Lynna closed her eyes, breathed in and then out. It wasn’t like her to lose her temper so easily. Athan was right, she’d spent five years pretending she was mostly indifferent to him when he was her second sworn enemy.

And now you’ve slept with him. Perhaps a lack of control in all things is your punishment.

She wanted to laugh at herself. The thoughts were dramatic and that wasn’t her. Time to screw her head on straight. She took a few more breaths then turned to face Athan.

“All right. No more fights. Moving forward, I am as detached and bland and pleasant as they come.” She even offered him one of her patented bland, polite smiles.

But it faltered when he stepped close. When he reached out, fitted his large palm against her cheek. Making her entire internal wiring go haywire.

“I don’t mind watching you fight, Lynna,” he said, his voice low and gravelly, somehow it always felt like friction against her skin, and now that she had let herself intimately know what all that friction could do , it heated her bloodstream even more.

She wanted to pull away. To center herself. She was letting too much get to her. Giordano. Athan. All of this corporate nonsense. When her only goal was her family. Her only focus them .

But she was Athan’s wife here. They wanted people to believe it was true. They needed her father’s supporters to believe it was true. So she had to endure the touch.

Endure . If only she could convince herself it was a hardship.

A knock sounded at the door. “Come in,” Athan said, though he did not look away from her or even drop his hand.

The man from the desk, probably another assistant, entered. If he thought anything of Athan standing so close or his hand on Lynna’s cheek, he didn’t show it.

“Your meeting is here, Mr. Akakios. I have put him in the meeting room.”

Athan nodded, and finally dropped his hand. But he didn’t look at his assistant or anywhere away from Lynna.

She should look away, get a handle on her heart scrabbling about in her chest like what had happened last night changed anything between them, when it absolutely did not.

But she held his gaze anyway.

“My wife would like to see some of her father’s old friends,” Athan said. “Make sure to help her find anything she needs.”

“Of course, sir.”

“I’ll be back in an hour or so, and then we can go to lunch. Perhaps with Henry. We’ll see who’s available.” He leaned in, brushed a very chaste kiss across her cheek. “Behave, Mrs. Akakios,” he murmured in her ear, before turning and walking away.

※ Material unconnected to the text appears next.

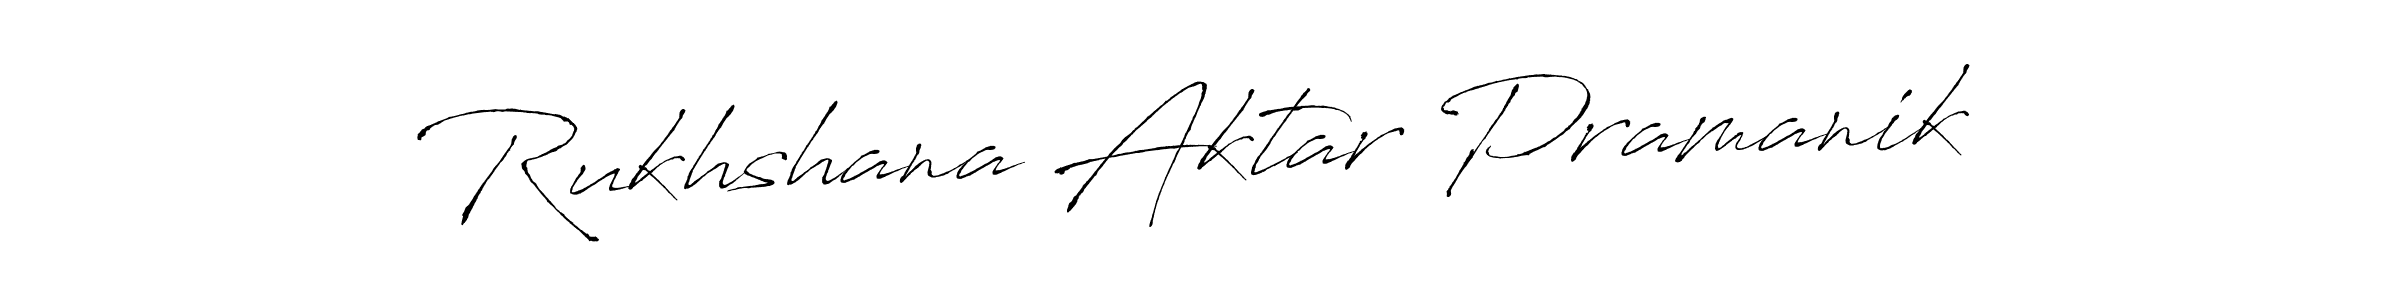 Rukhshana Aktar Pramanik stylish signature style. Best Handwritten Sign (Antro_Vectra) for my name. Handwritten Signature Collection Ideas for my name Rukhshana Aktar Pramanik. Rukhshana Aktar Pramanik signature style 6 images and pictures png

Out of the office.

While she stood, off-kilter and…too many things to name. She hadn’t even given him a dirty look for calling her Akakios.

“Mrs. Akakios?” the assistant said, and she realized he must have said something she hadn’t heard before that.

“I should be able to find my away around,” she offered, sounding breathless even to herself. “If I have any troubles, I’ll let you know.”

The assistant nodded and left and Lynna closed her eyes, took a deep inhale. This was a problem of her own making, and she solved everyone’s problems. Including her own.

So she straightened her shoulders and set out to charm her father’s old associates.